## YOUR OBJECTIVE
Images in the data are to be skipped, while every line is restated exactly as written.
-------- DATA SHOWN
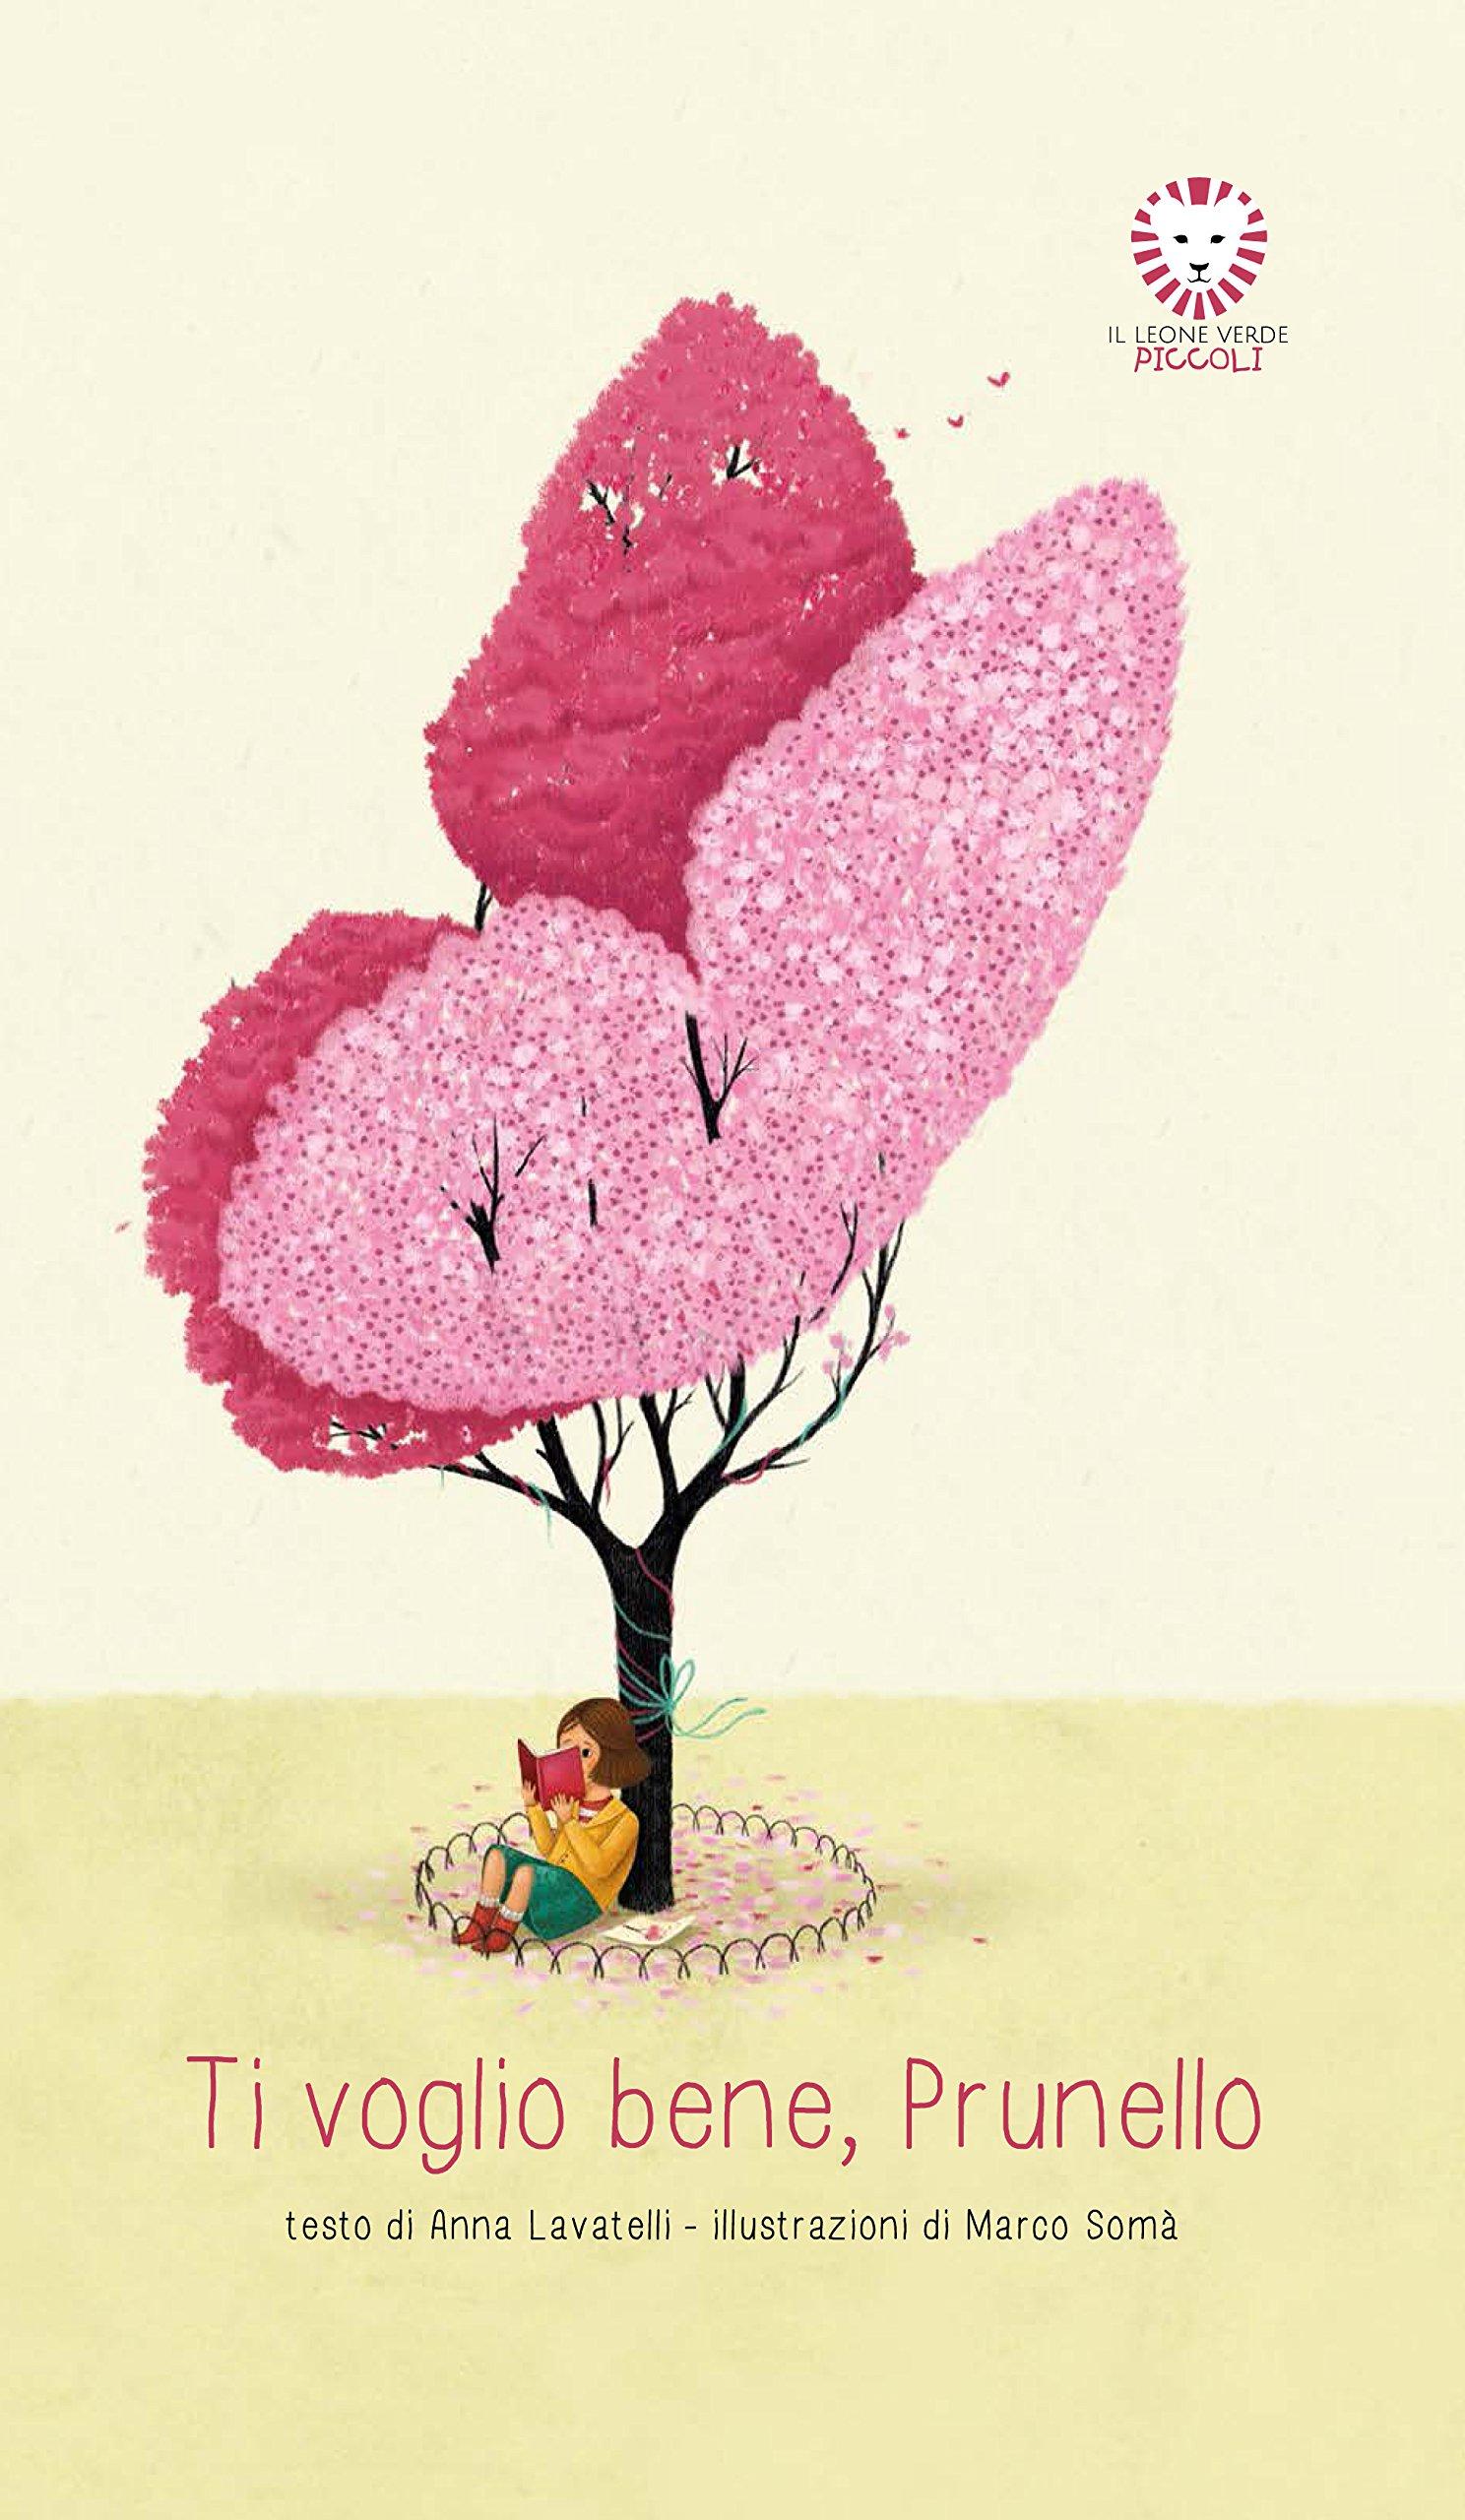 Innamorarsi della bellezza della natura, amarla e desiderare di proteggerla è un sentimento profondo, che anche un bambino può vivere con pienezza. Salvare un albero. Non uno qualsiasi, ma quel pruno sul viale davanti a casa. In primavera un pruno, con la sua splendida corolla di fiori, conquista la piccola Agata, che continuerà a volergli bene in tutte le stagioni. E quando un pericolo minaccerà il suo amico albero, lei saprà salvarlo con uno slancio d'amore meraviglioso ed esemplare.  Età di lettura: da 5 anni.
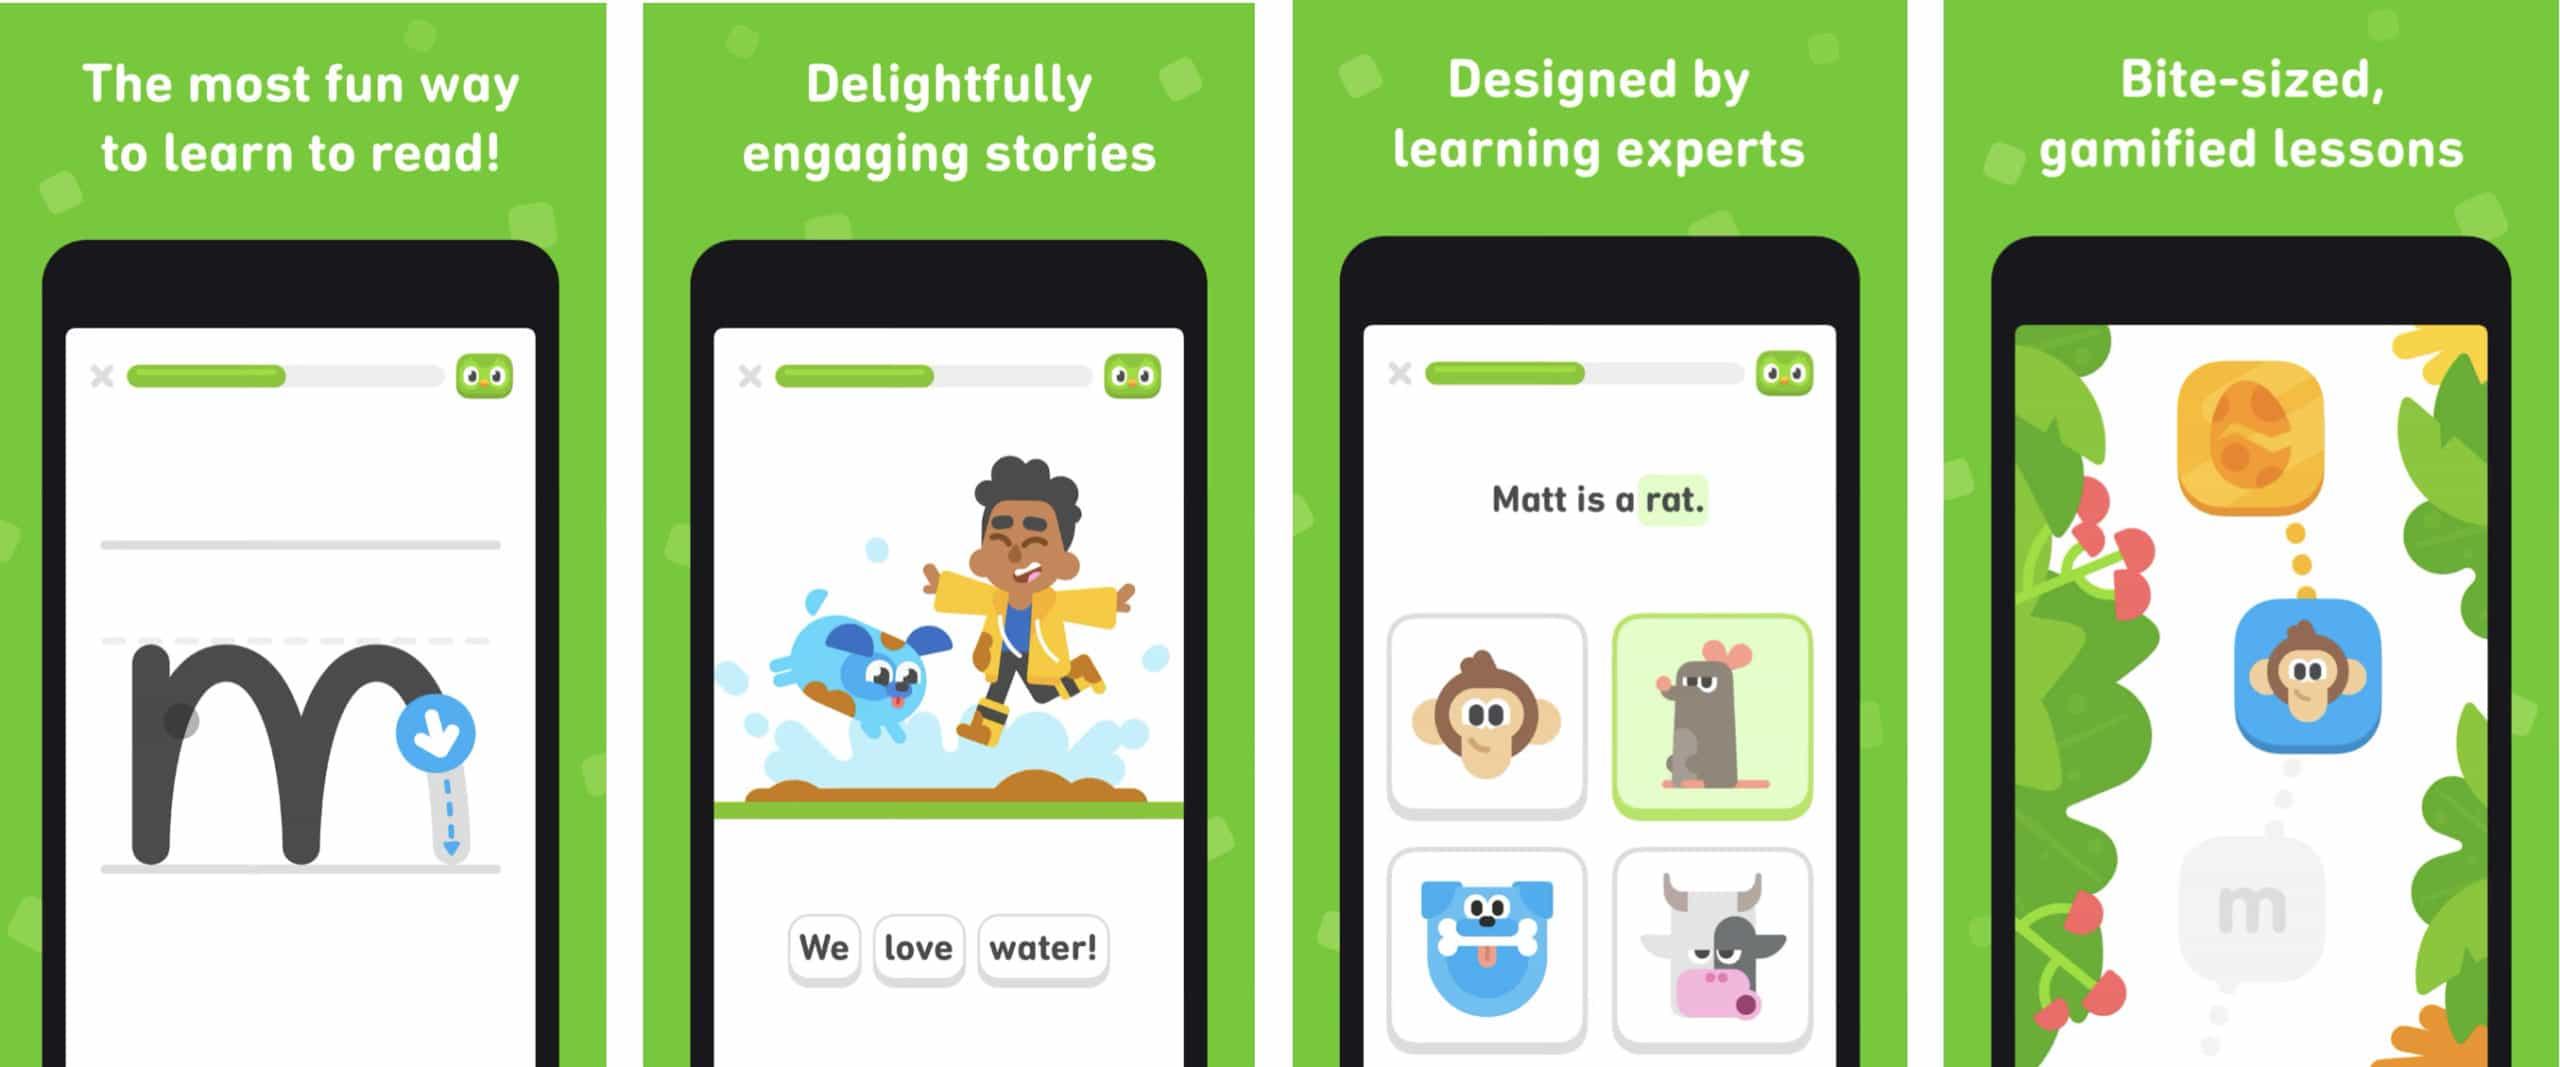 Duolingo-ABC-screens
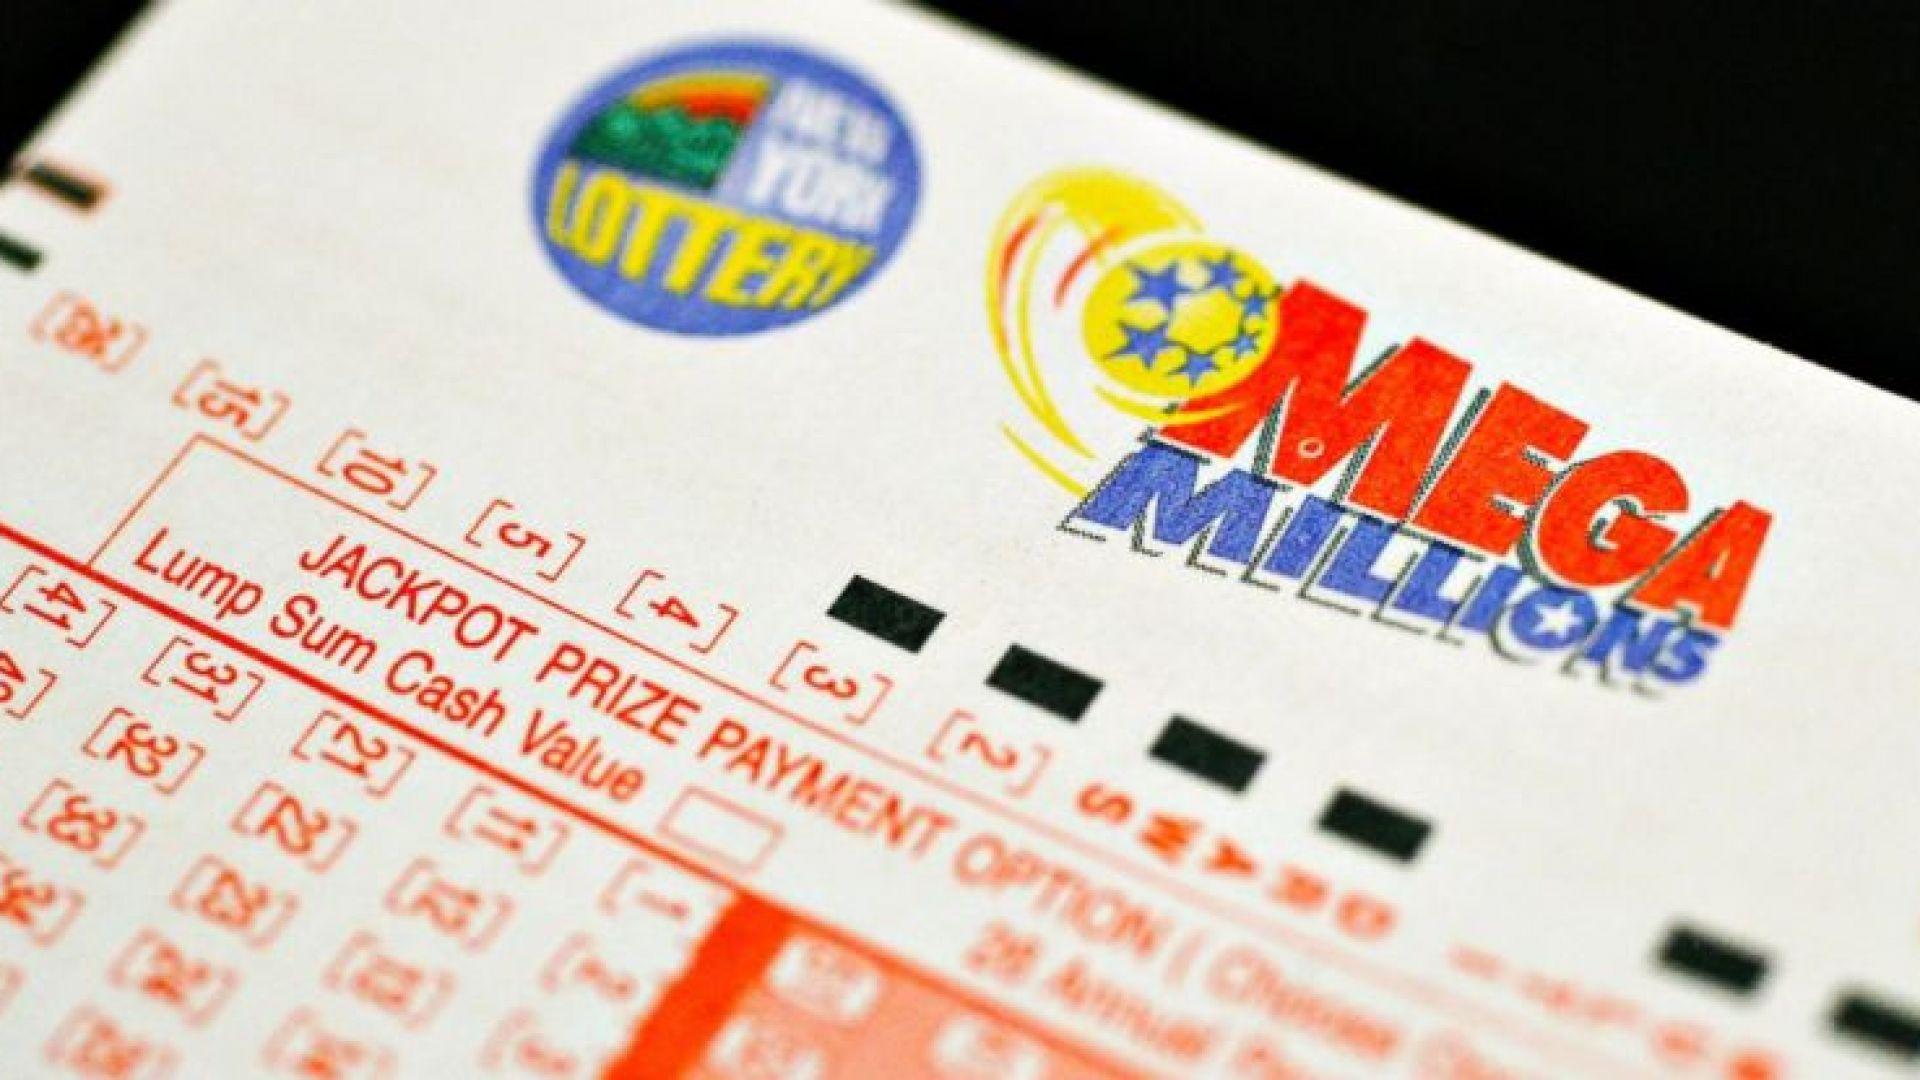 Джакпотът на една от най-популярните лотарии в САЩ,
----------------
## RESPONSE FOR THIS EXERCISE
 Innamorarsi della bellezza della natura, amarla e desiderare di proteggerla è un sentimento profondo, che anche un bambino può vivere con pienezza. Salvare un albero. Non uno qualsiasi, ma quel pruno sul viale davanti a casa. In primavera un pruno, con la sua splendida corolla di fiori, conquista la piccola Agata, che continuerà a volergli bene in tutte le stagioni. E quando un pericolo minaccerà il suo amico albero, lei saprà salvarlo con uno slancio d'amore meraviglioso ed esemplare.  Età di lettura: da 5 anni.
 Duolingo-ABC-screens
 Джакпотът на една от най-популярните лотарии в САЩ,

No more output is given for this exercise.